BEGIN

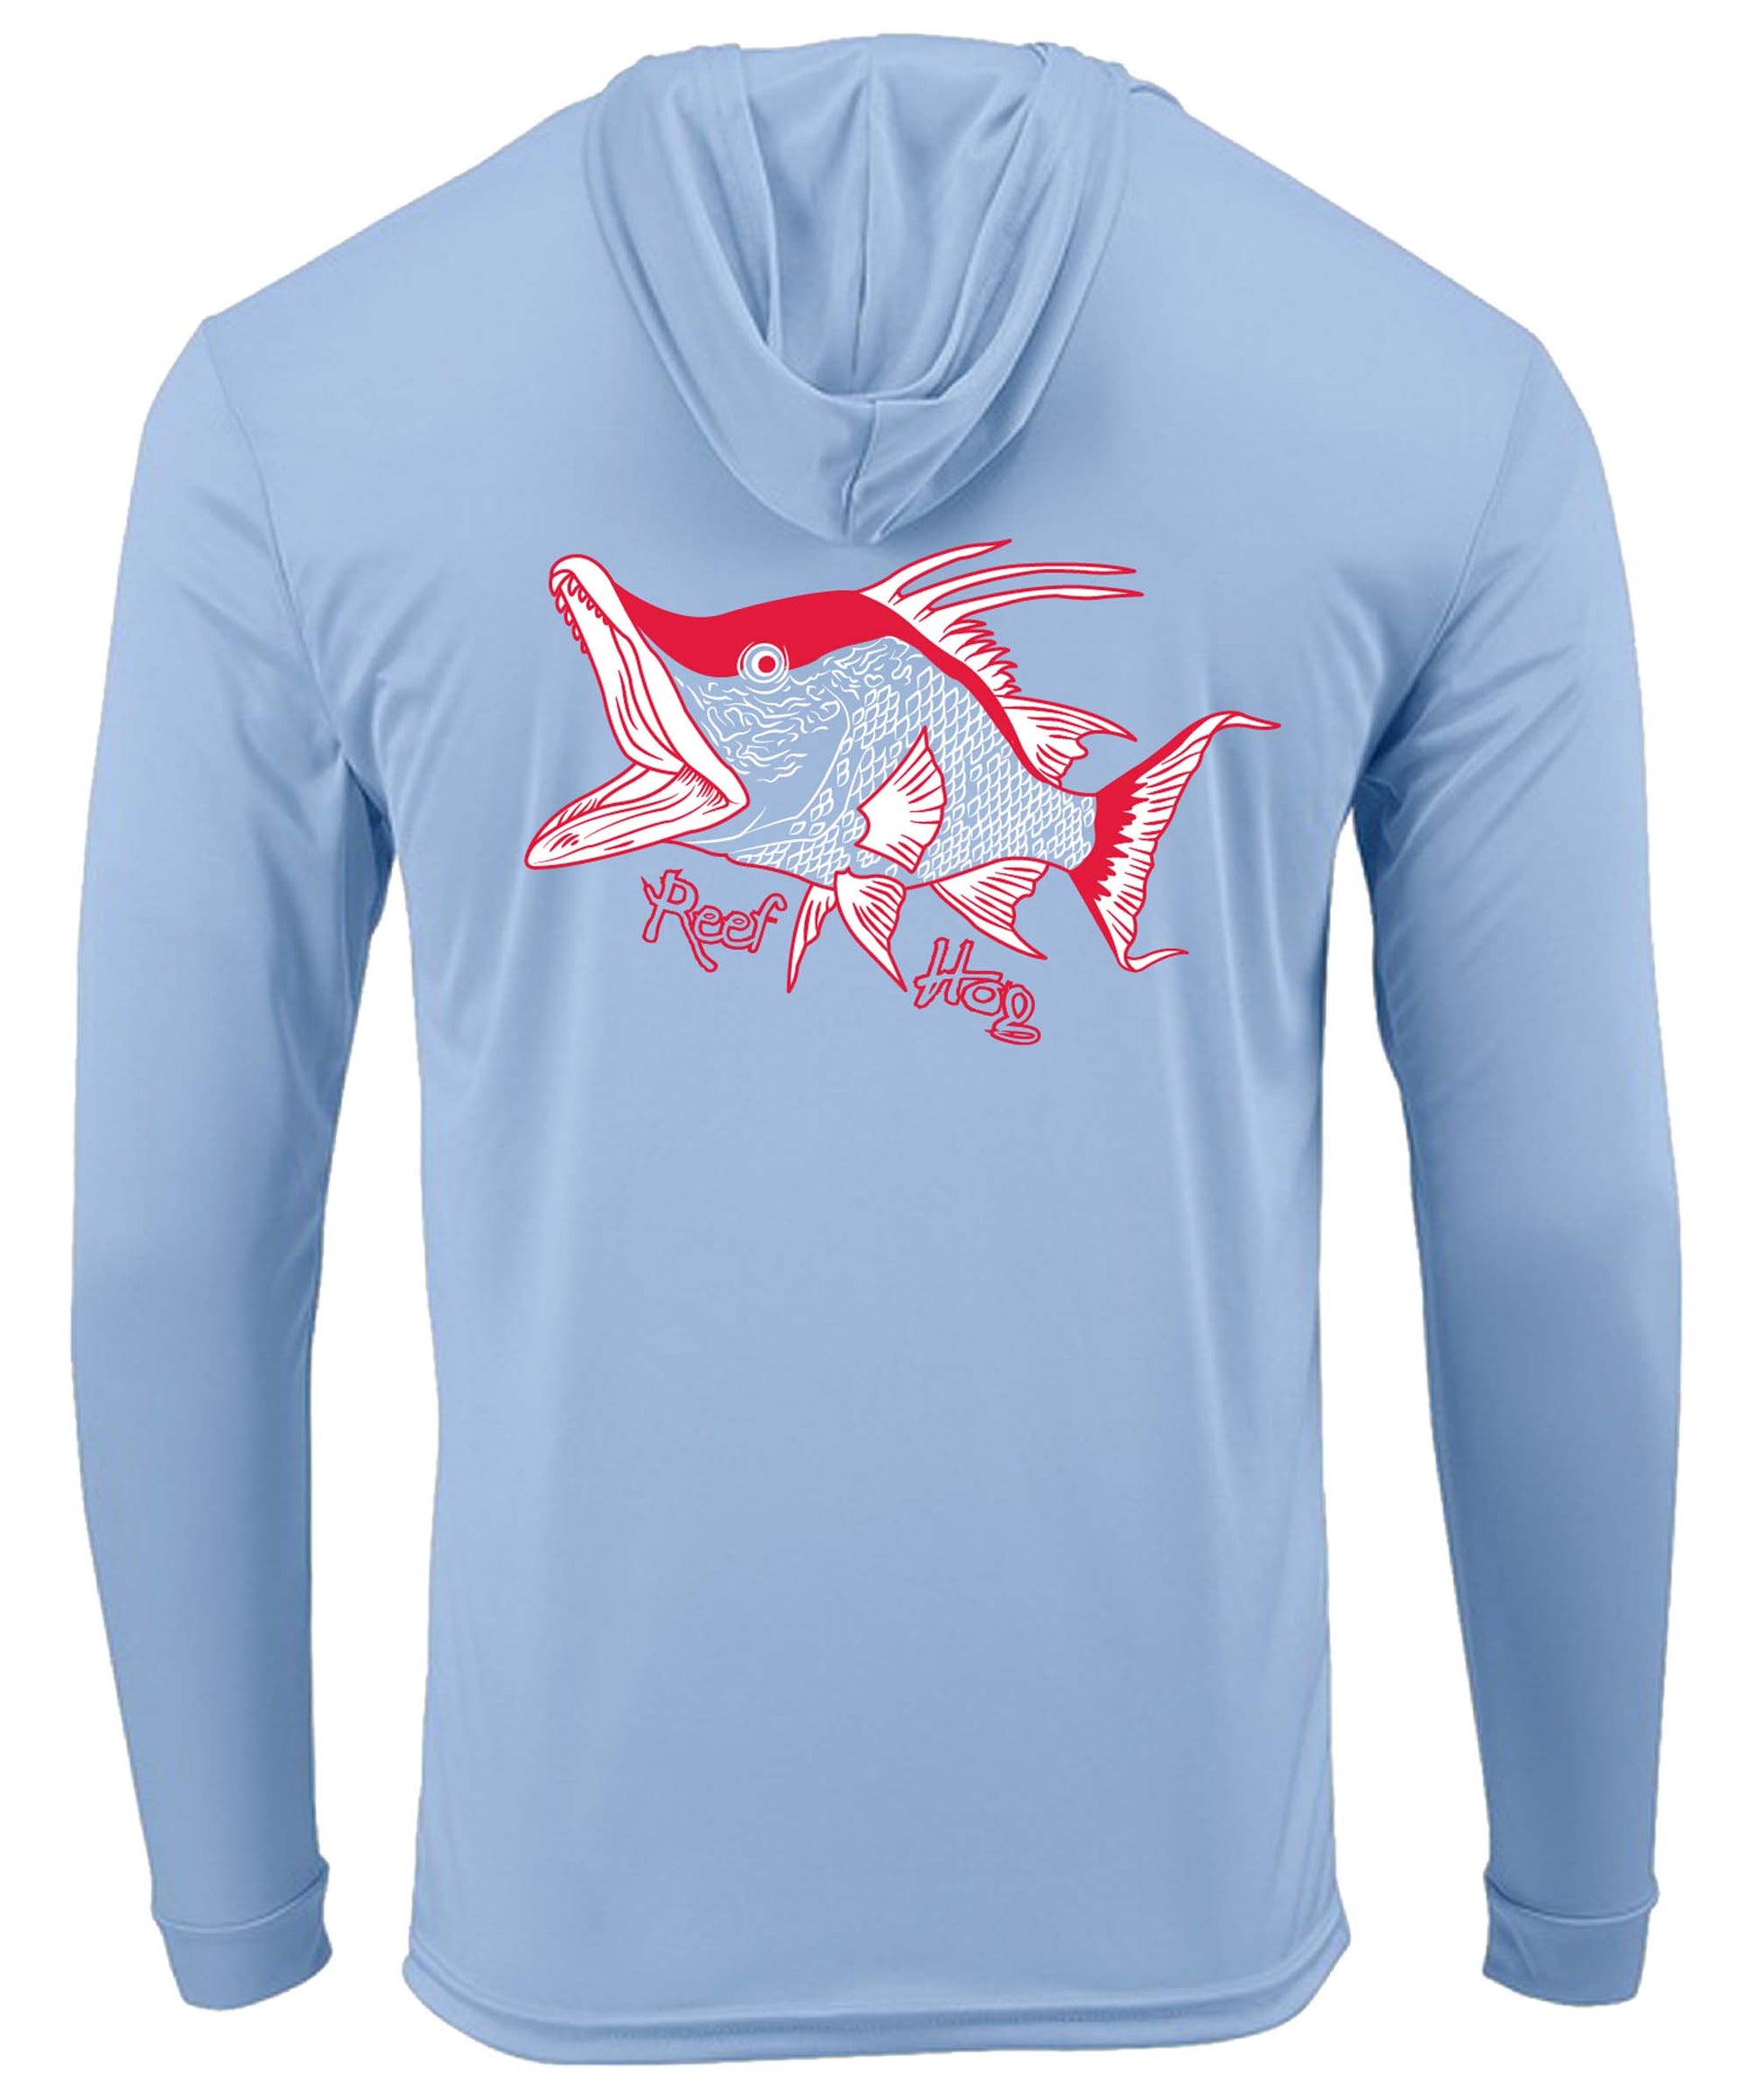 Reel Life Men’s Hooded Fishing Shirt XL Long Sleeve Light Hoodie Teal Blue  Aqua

END
BEGIN

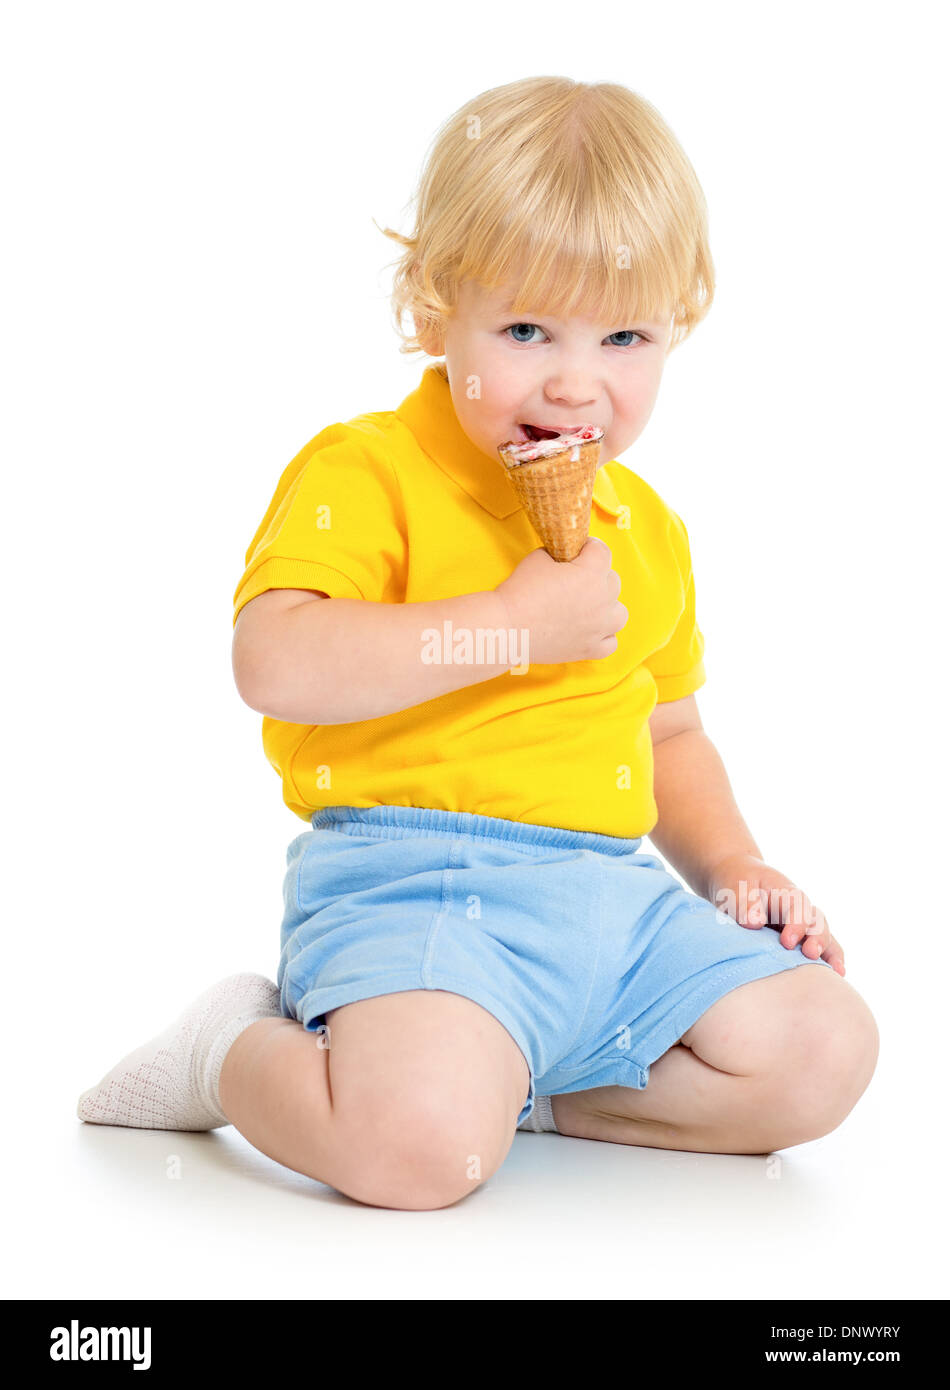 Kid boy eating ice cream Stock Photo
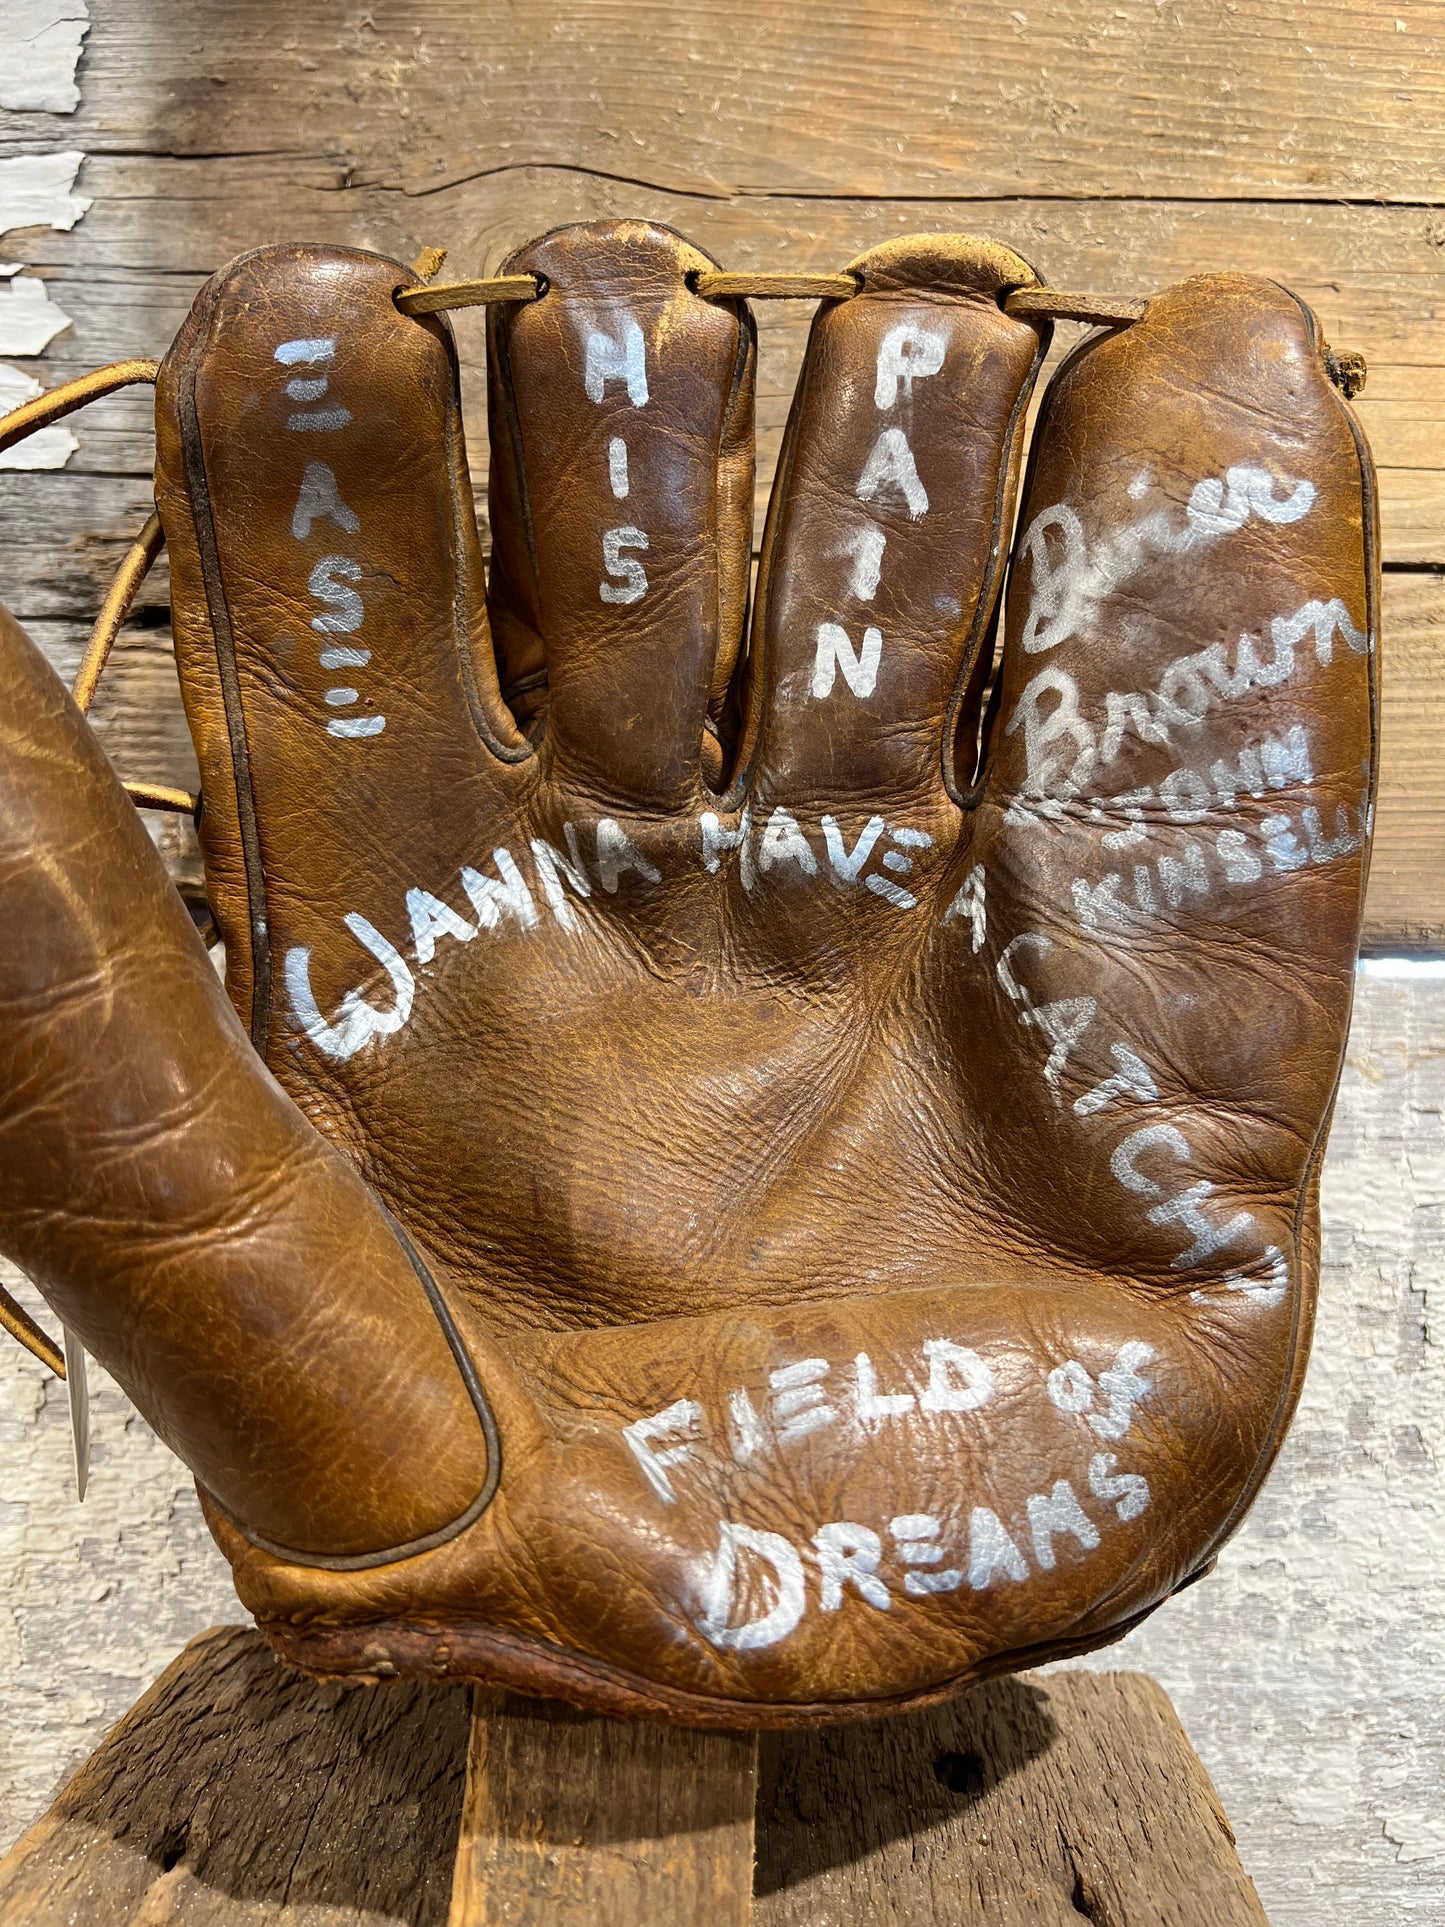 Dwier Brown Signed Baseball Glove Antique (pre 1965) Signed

END

= Your task =
Above are some entries; copy exactly the lines from the line with "Kid boy eating ice cream Stock Photo" through the line with "Dwier Brown Signed", both included, but none of the pictures.

= Completed exercise =
 Kid boy eating ice cream Stock Photo
 Dwier Brown Signed Baseball Glove Antique (pre 1965) Signed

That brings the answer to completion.